→ THE PROBLEM
Repeat each line of the data below exactly, but skip the pictures.

→ INFORMATION SHOWN
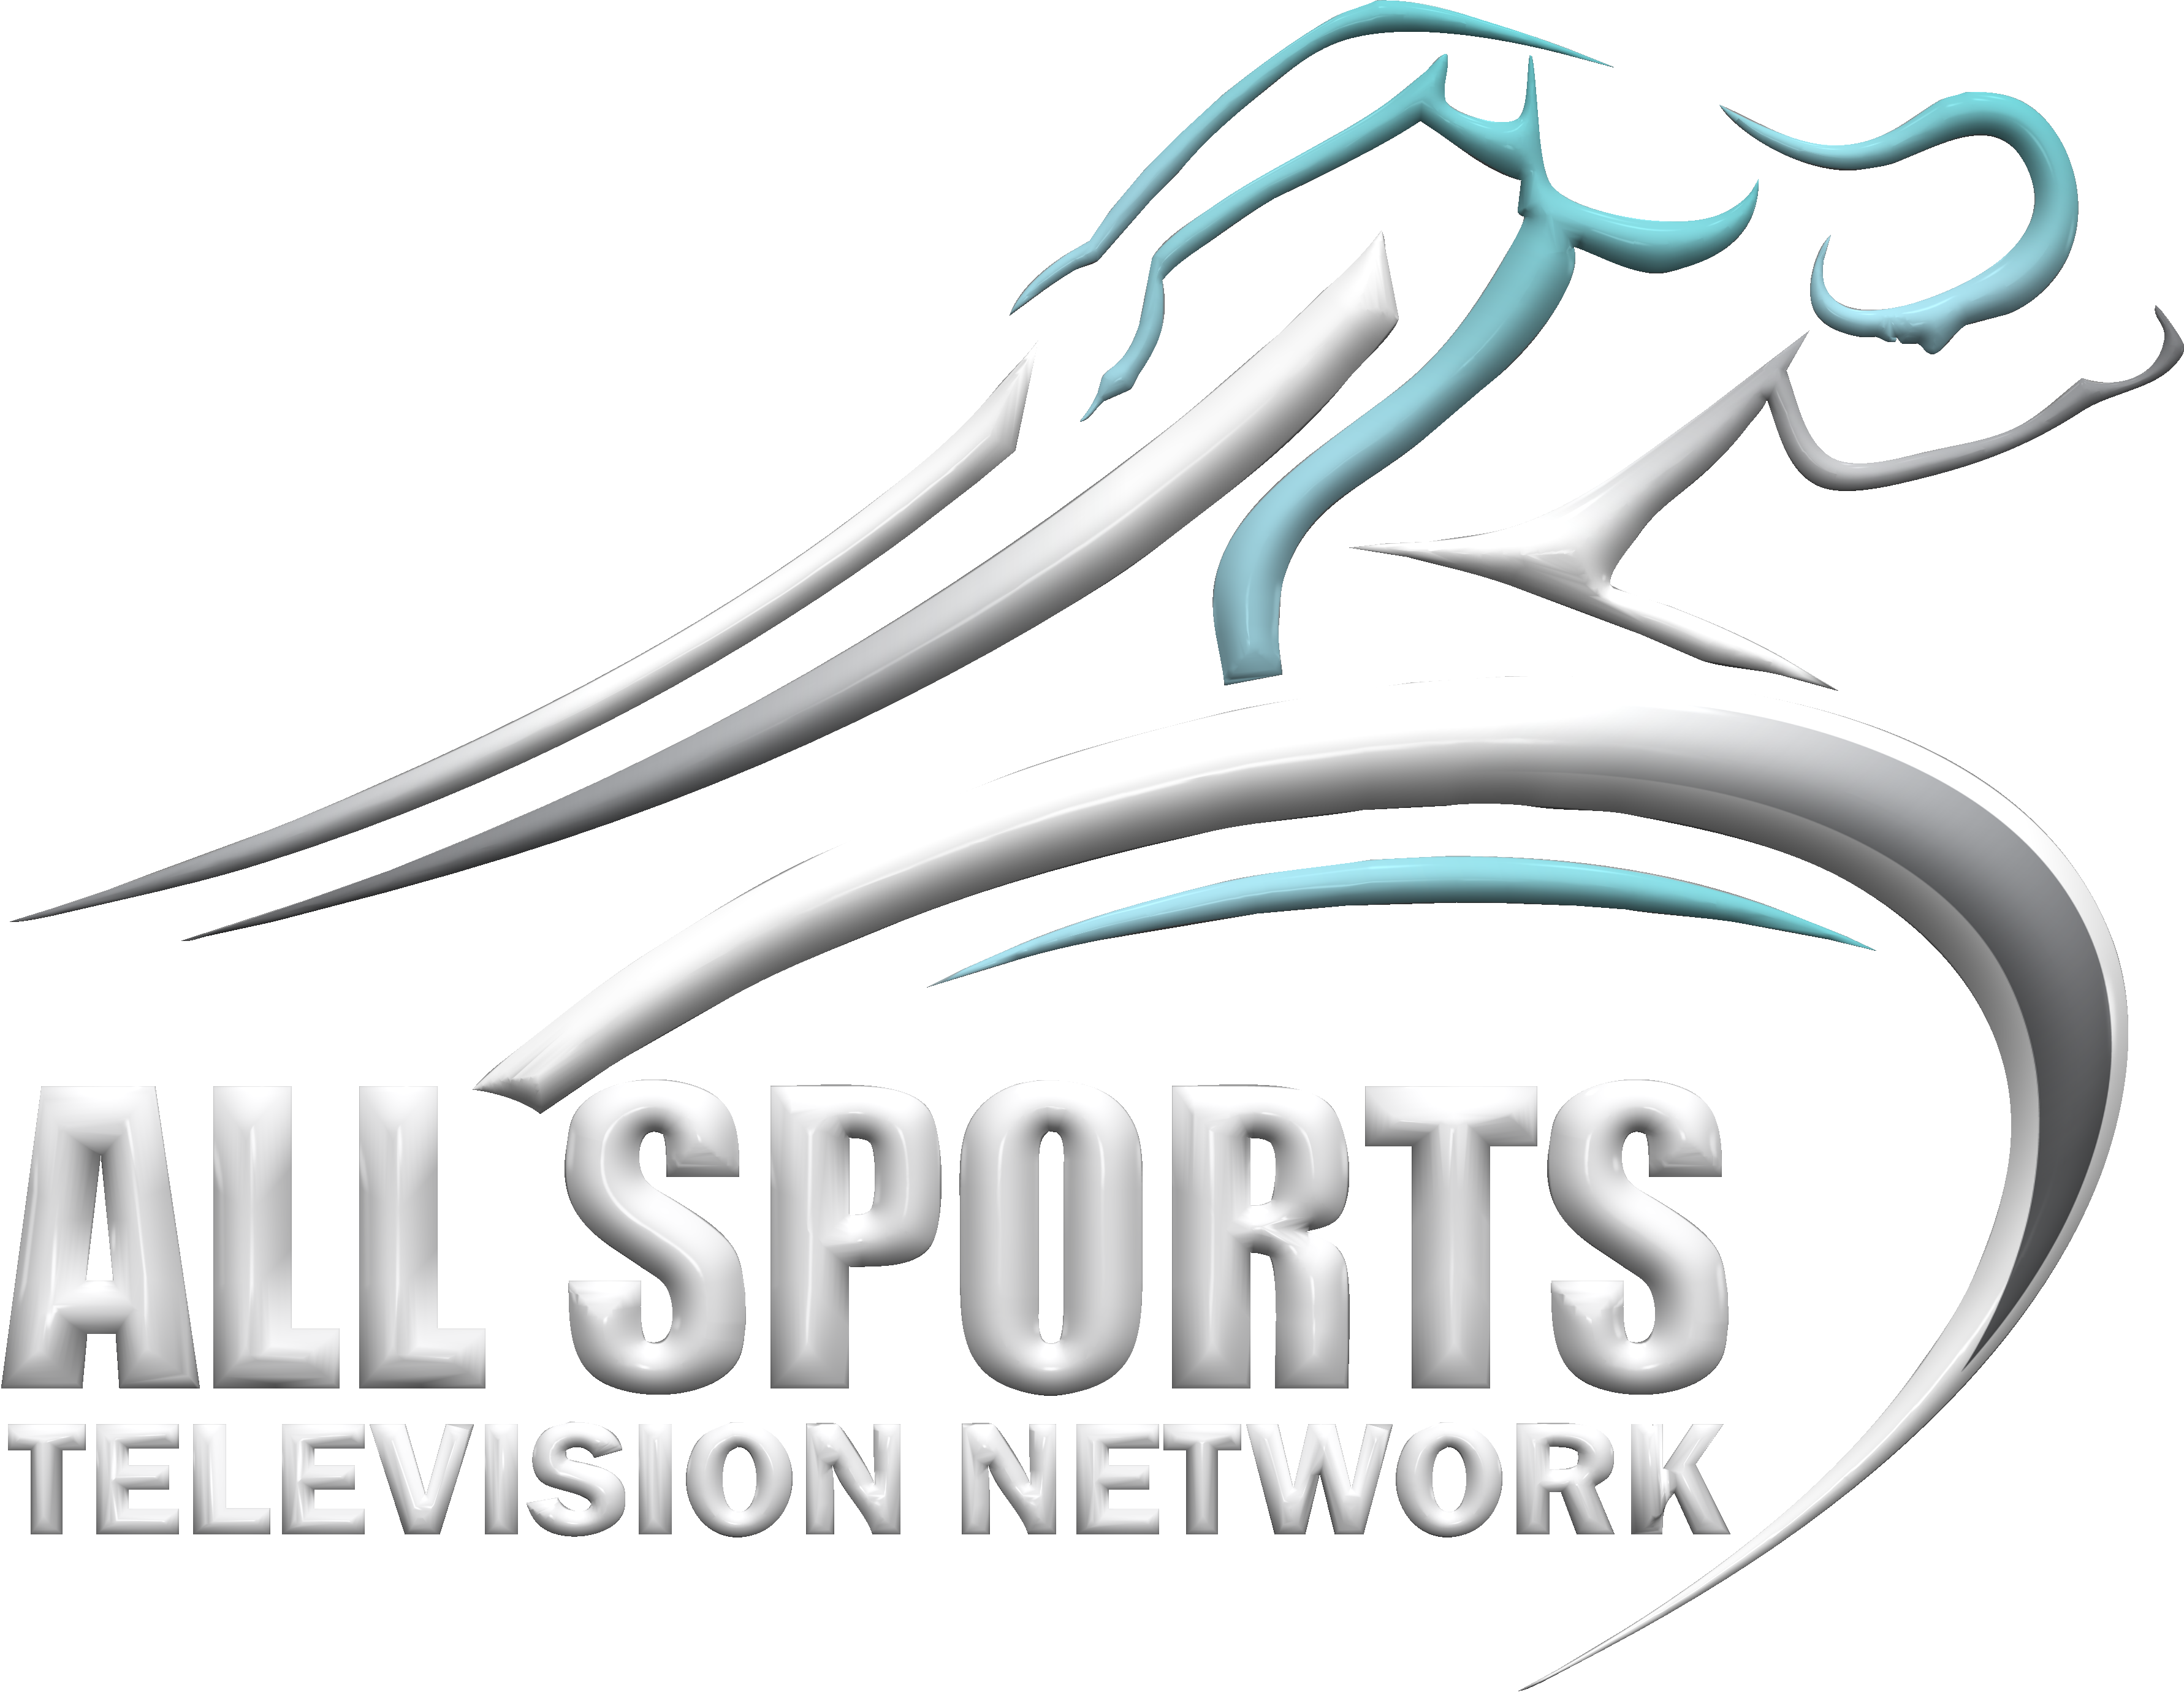 All Sports Television Network
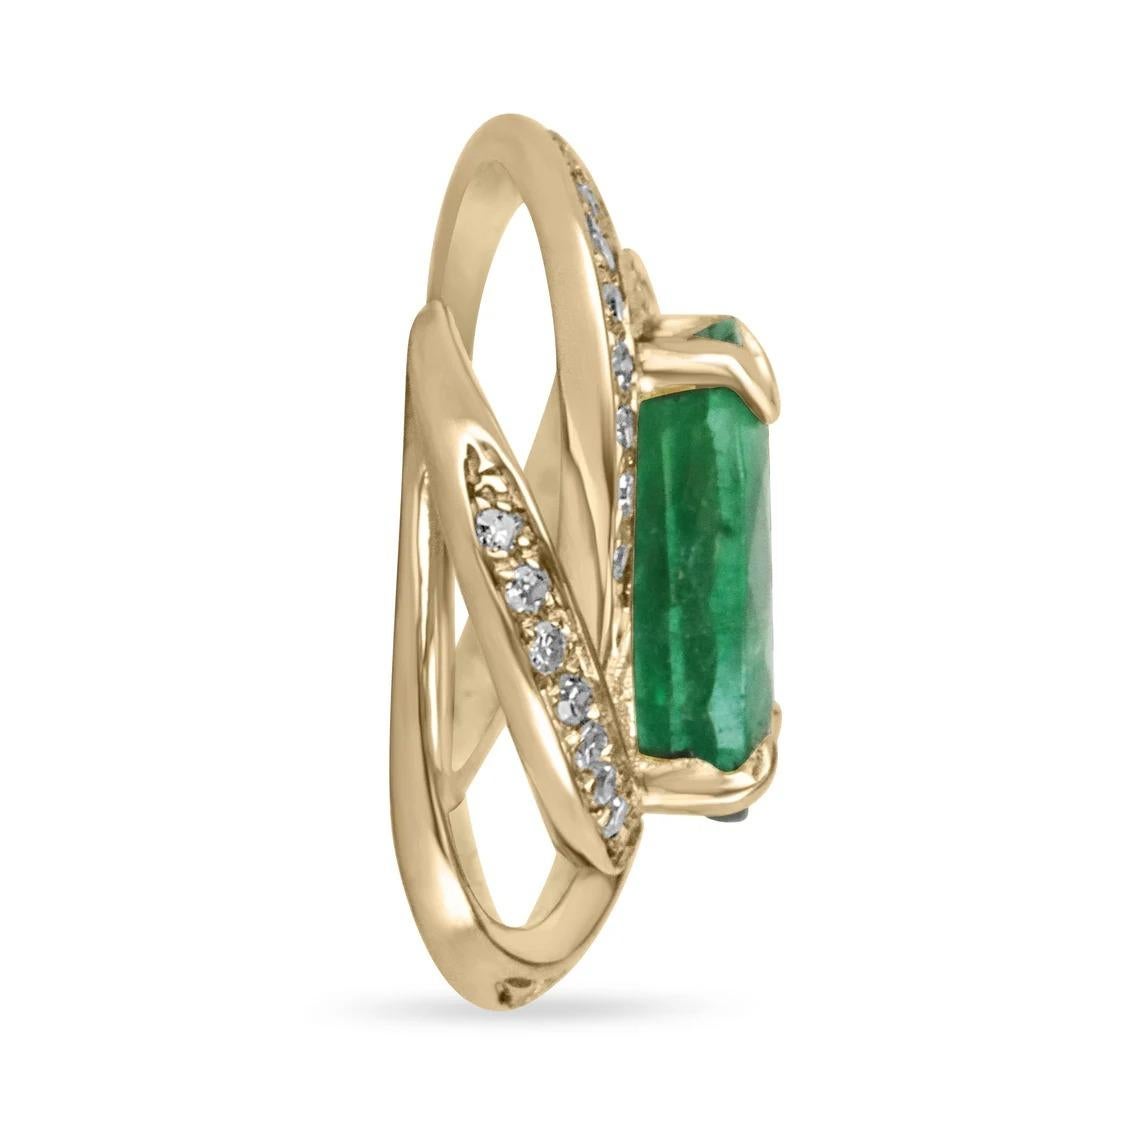 This piece features a remarkable natural oval cut emerald and a unique diamond halo design. The center gemstone has a medium green color with very good clarity and luster. Petite brilliant round cut diamonds intertwine within the stone creating a
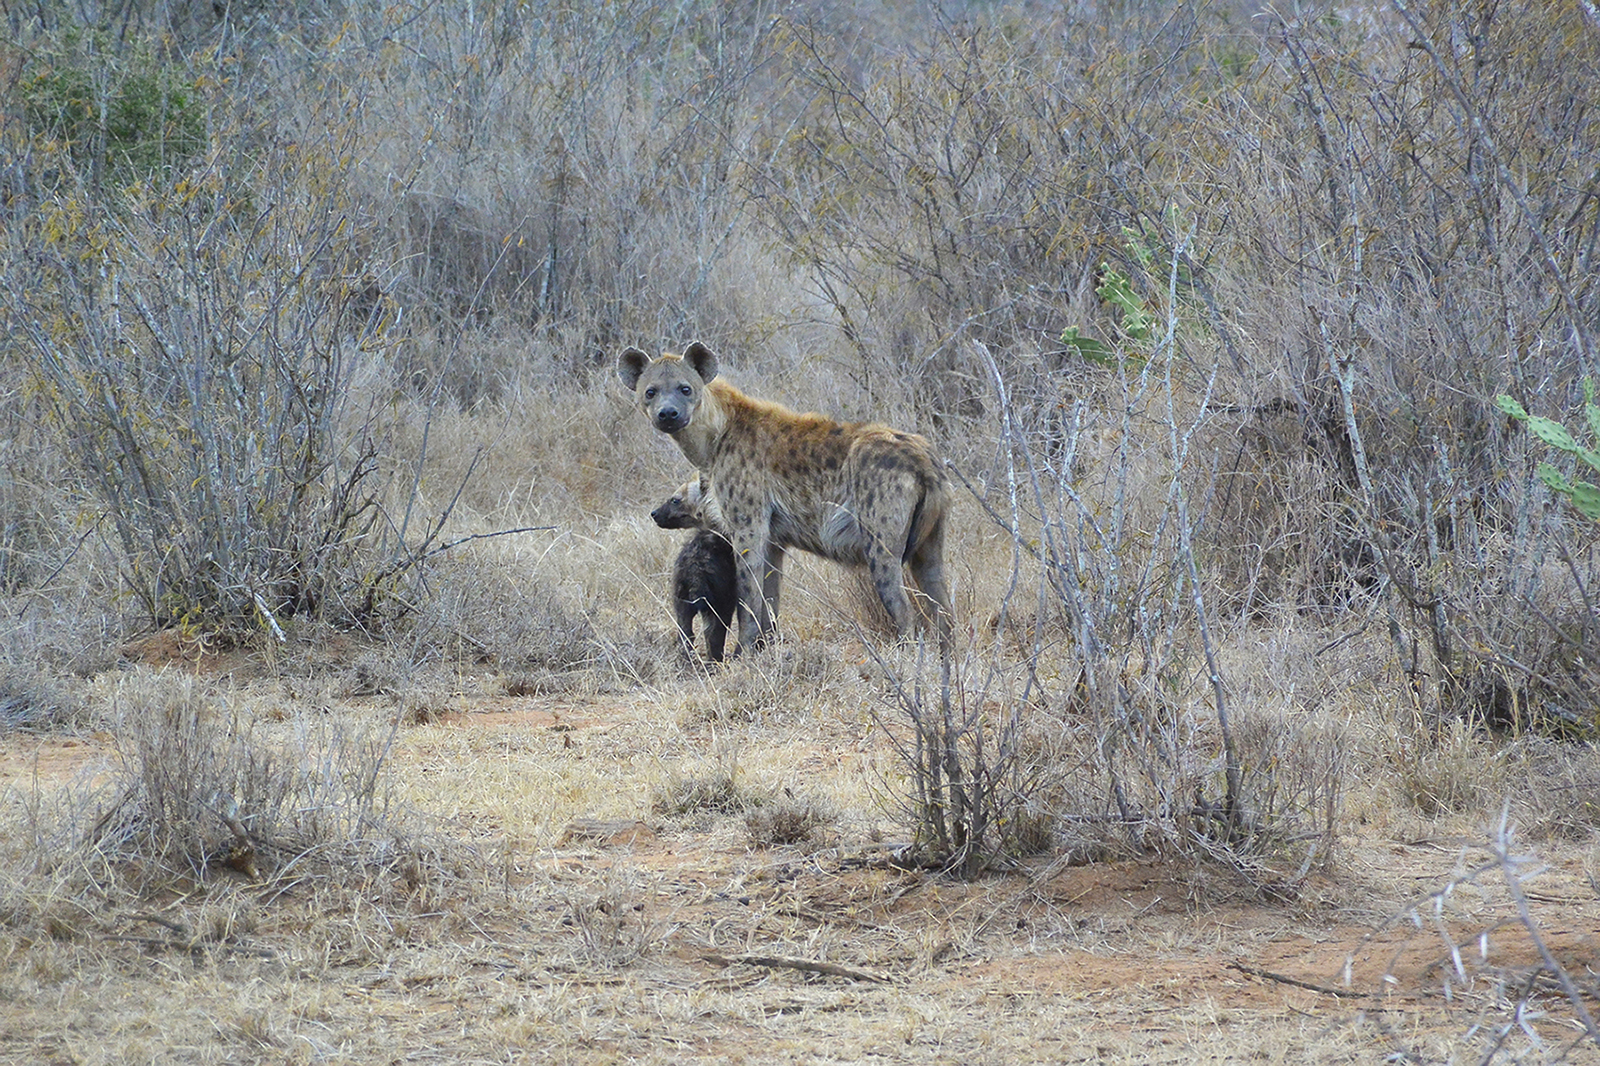 A Second Look at Hyenas, Part 1

→ RESULT OF THIS TASK
 All Sports Television Network
 This piece features a remarkable natural oval cut emerald and a unique diamond halo design. The center gemstone has a medium green color with very good clarity and luster. Petite brilliant round cut diamonds intertwine within the stone creating a
 A Second Look at Hyenas, Part 1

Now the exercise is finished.